◆ WHAT THE EXERCISE ASKS ◆
Every line below needs to be transcribed without alteration, and no image may be carried over.

◆ DATA BLOCK ◆
□ □ □ □ □ □ □

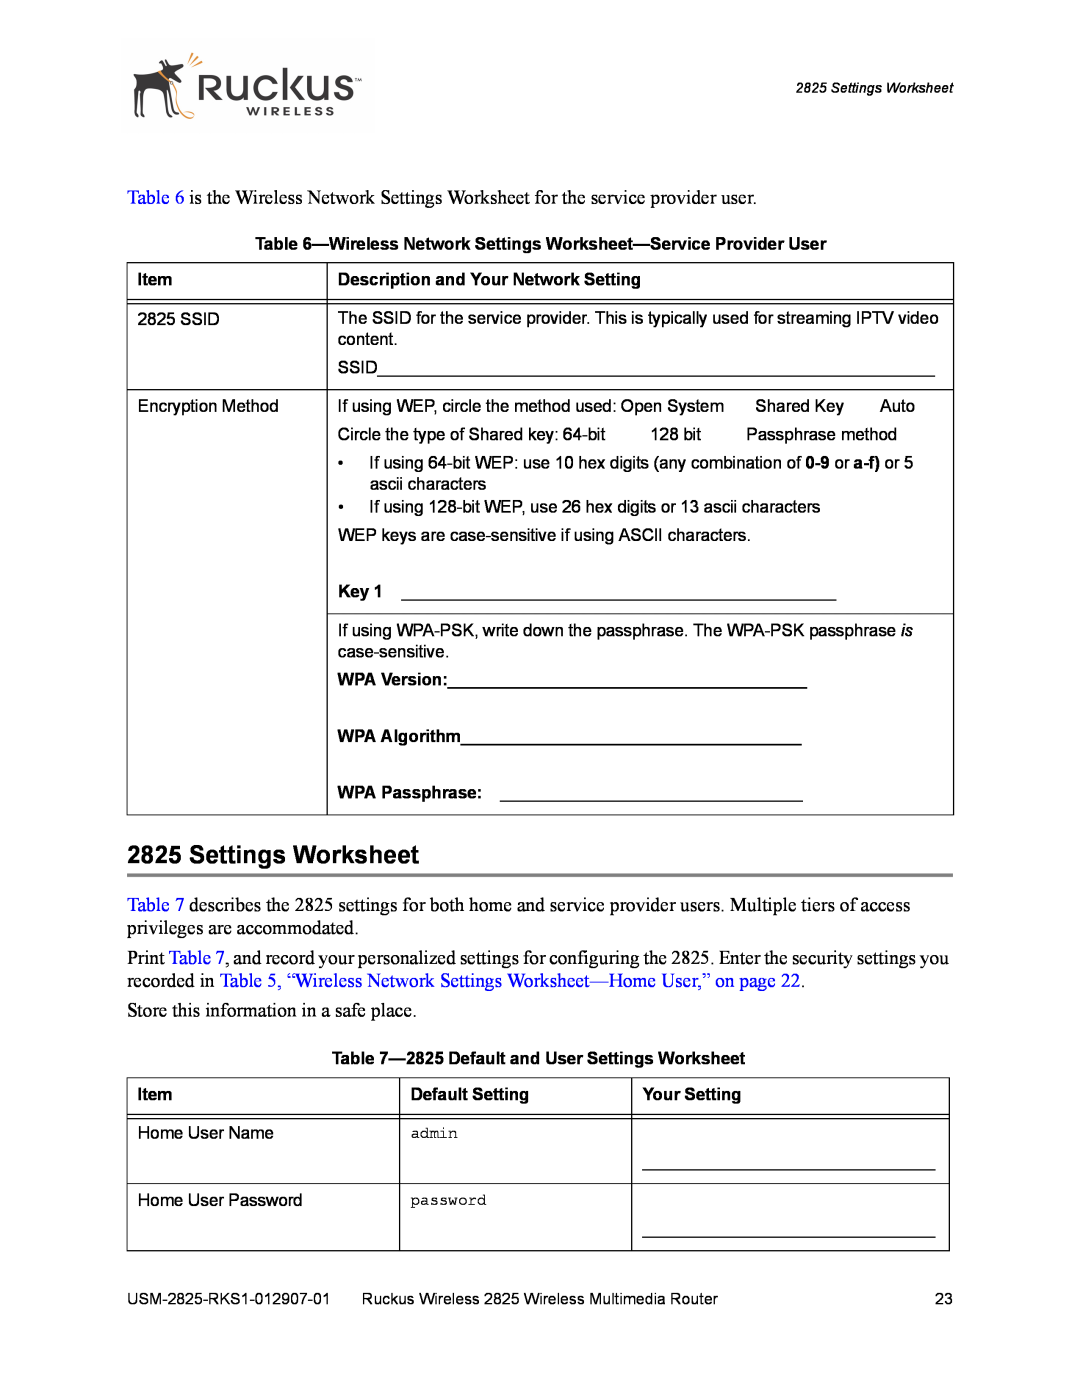 Ruckus Wireless 2111, 2825 manual Settings Worksheet 
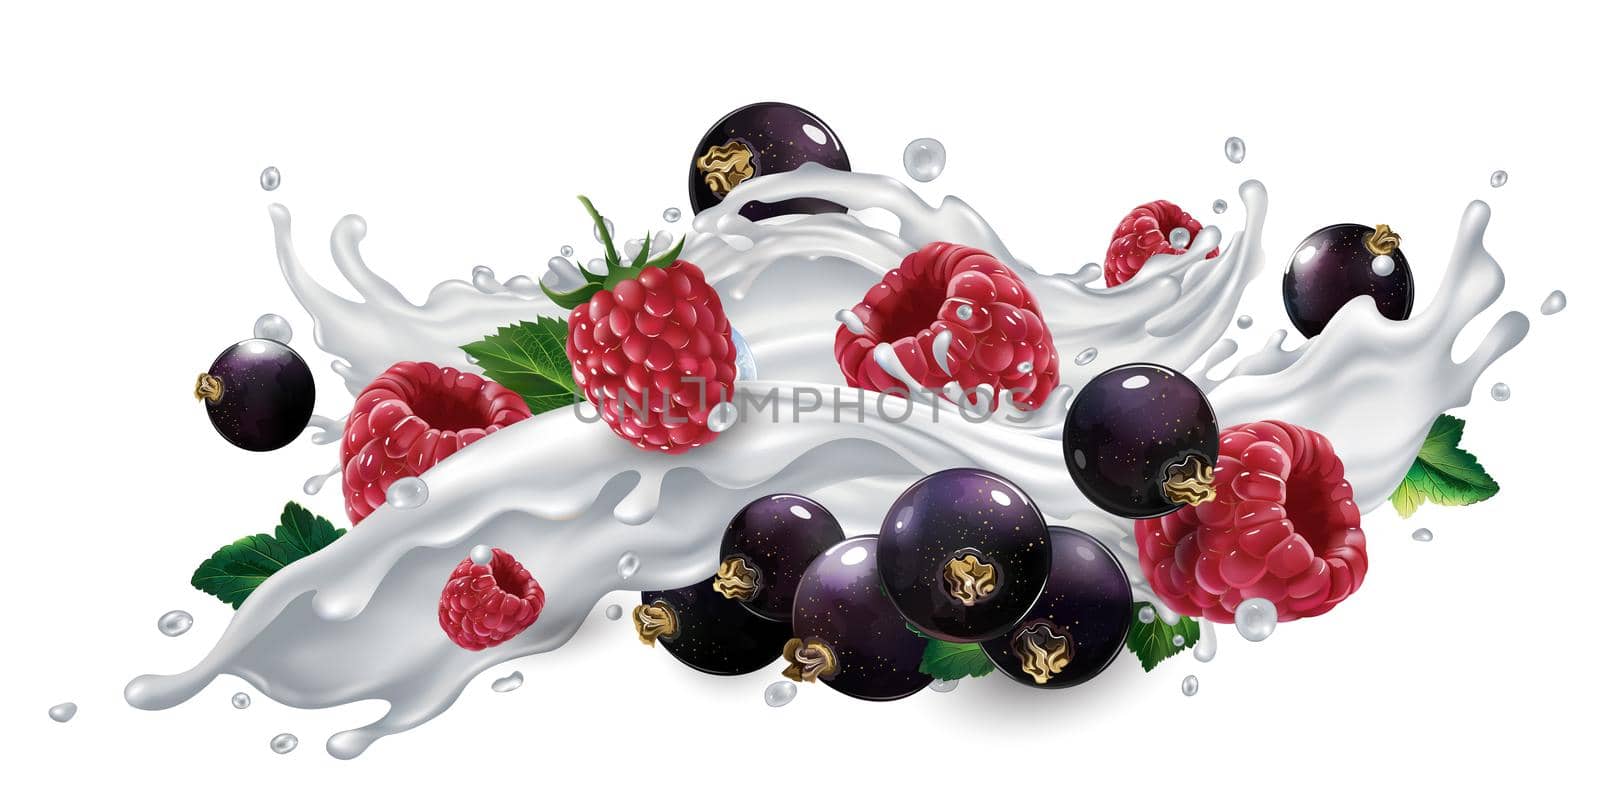 Black currants and raspberries in a yogurt or milk splash. by ConceptCafe
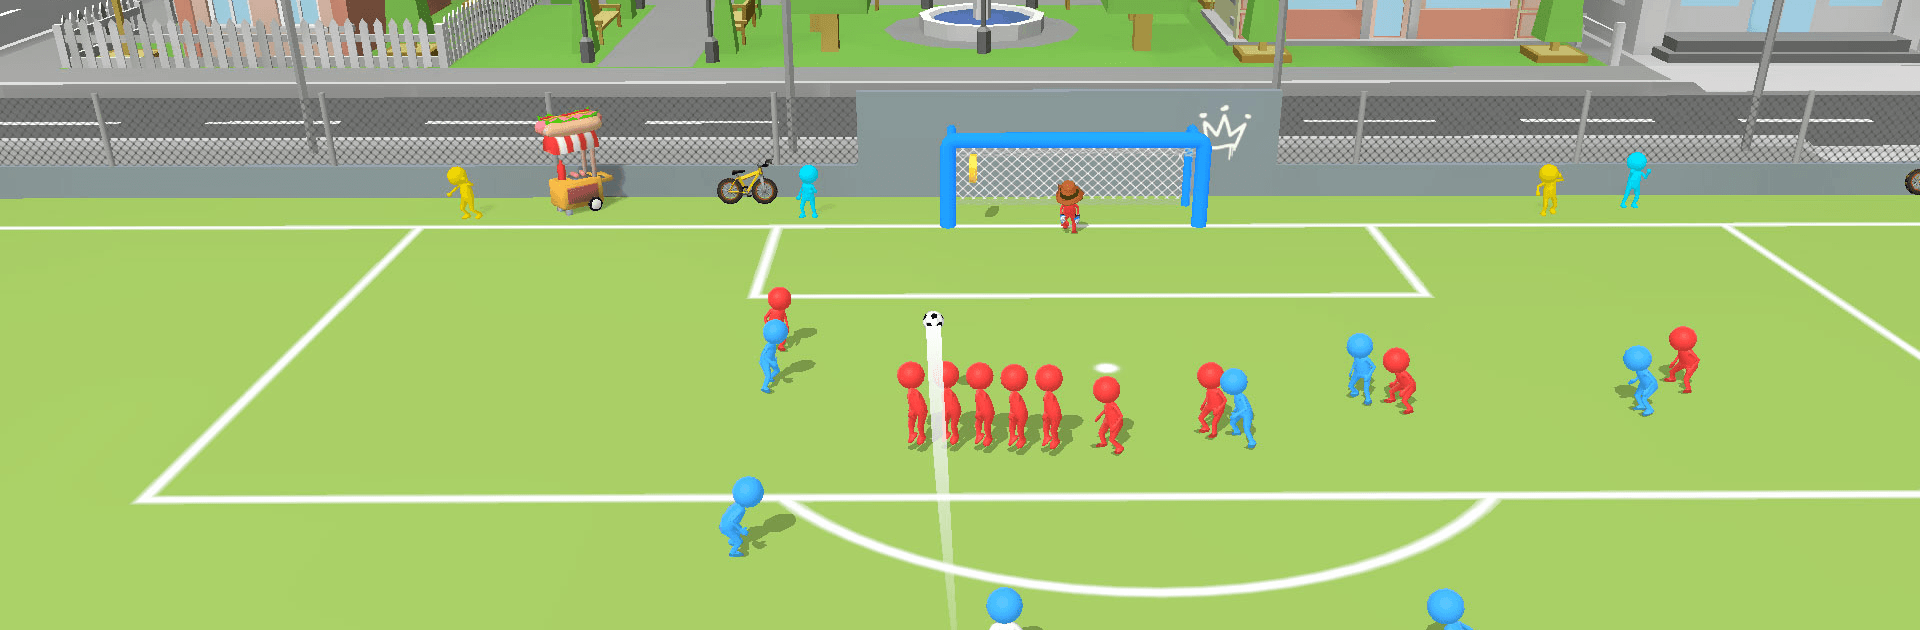 Super Goal - Avatar de Fútbol
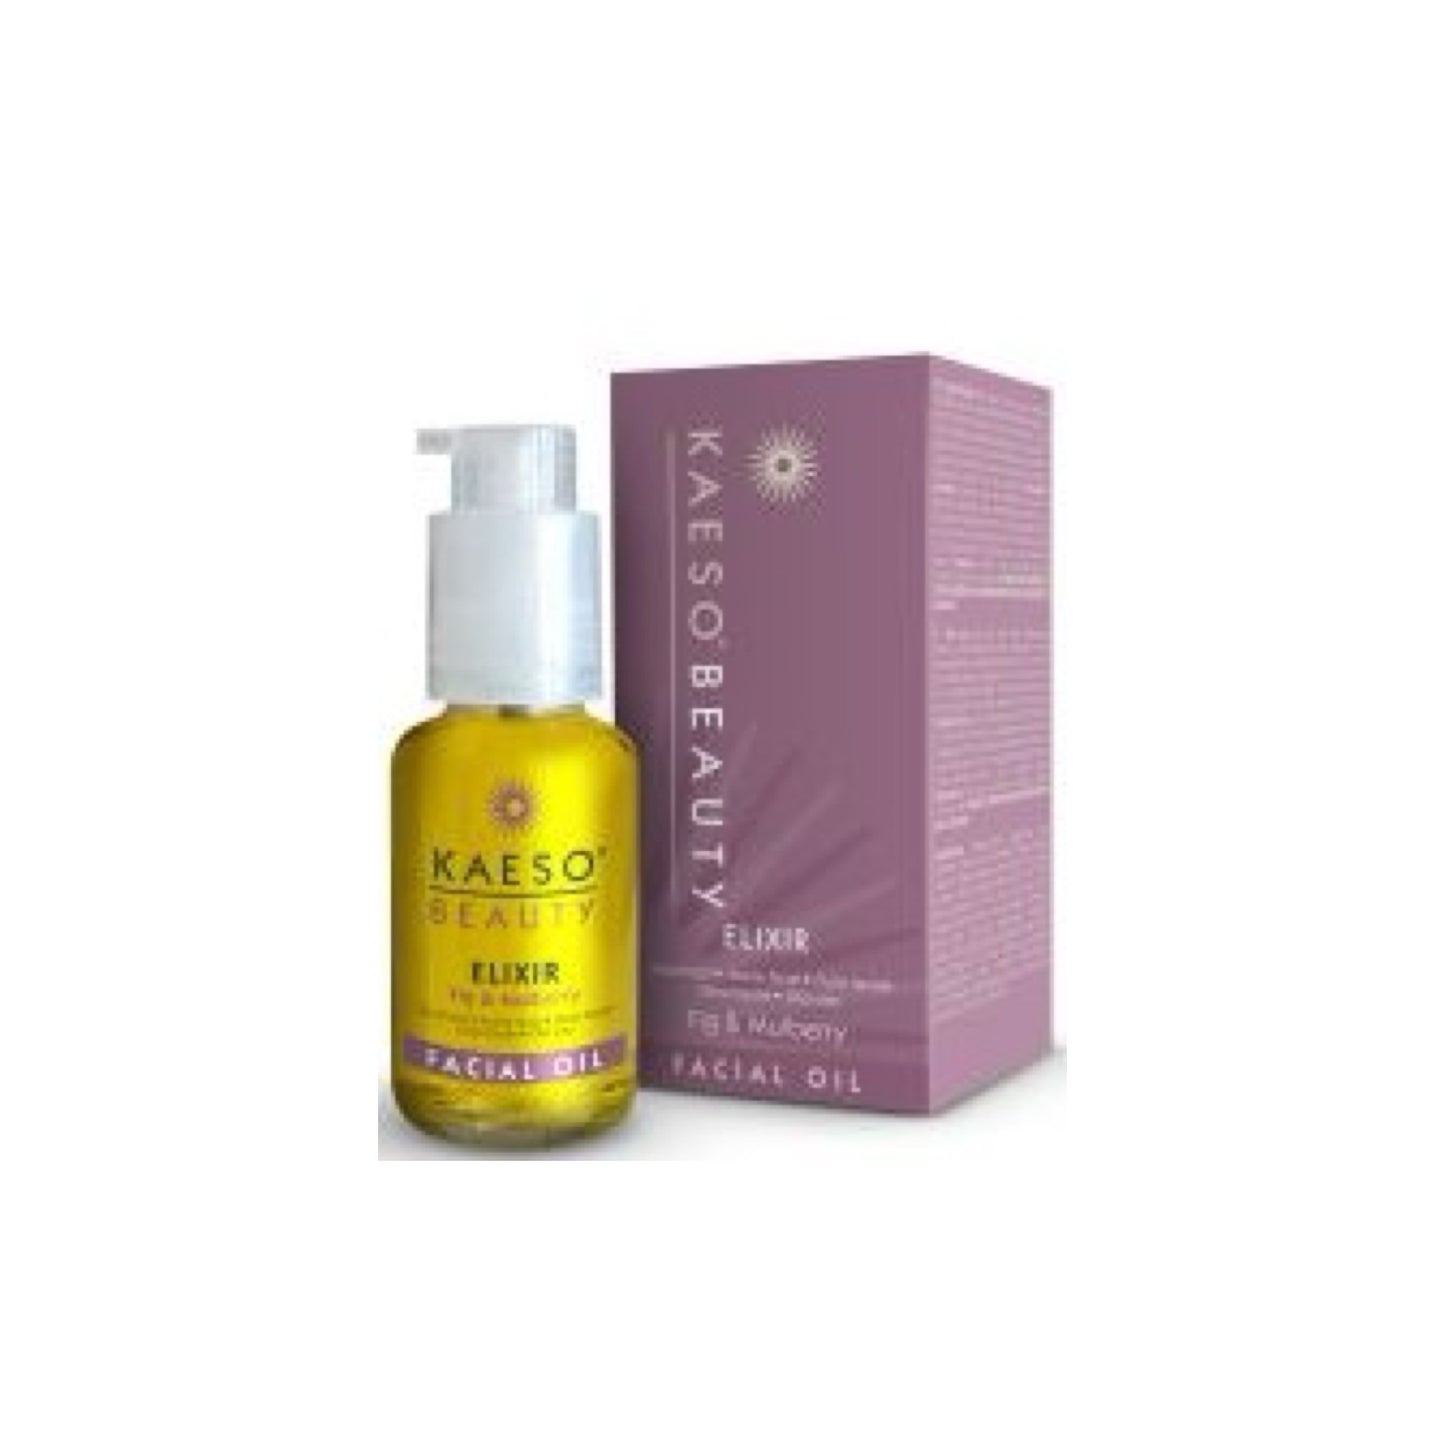 KAESO Elixir Facial Oil 50ml  (All Skin Types)

□ □ □ □ □ □ □

◆ ANSWER FOR THE TASK ◆
 Ruckus Wireless 2111, 2825 manual Settings Worksheet 
 Black currants and raspberries in a yogurt or milk splash. by ConceptCafe
 Super Goal - Avatar de Fútbol
 KAESO Elixir Facial Oil 50ml  (All Skin Types)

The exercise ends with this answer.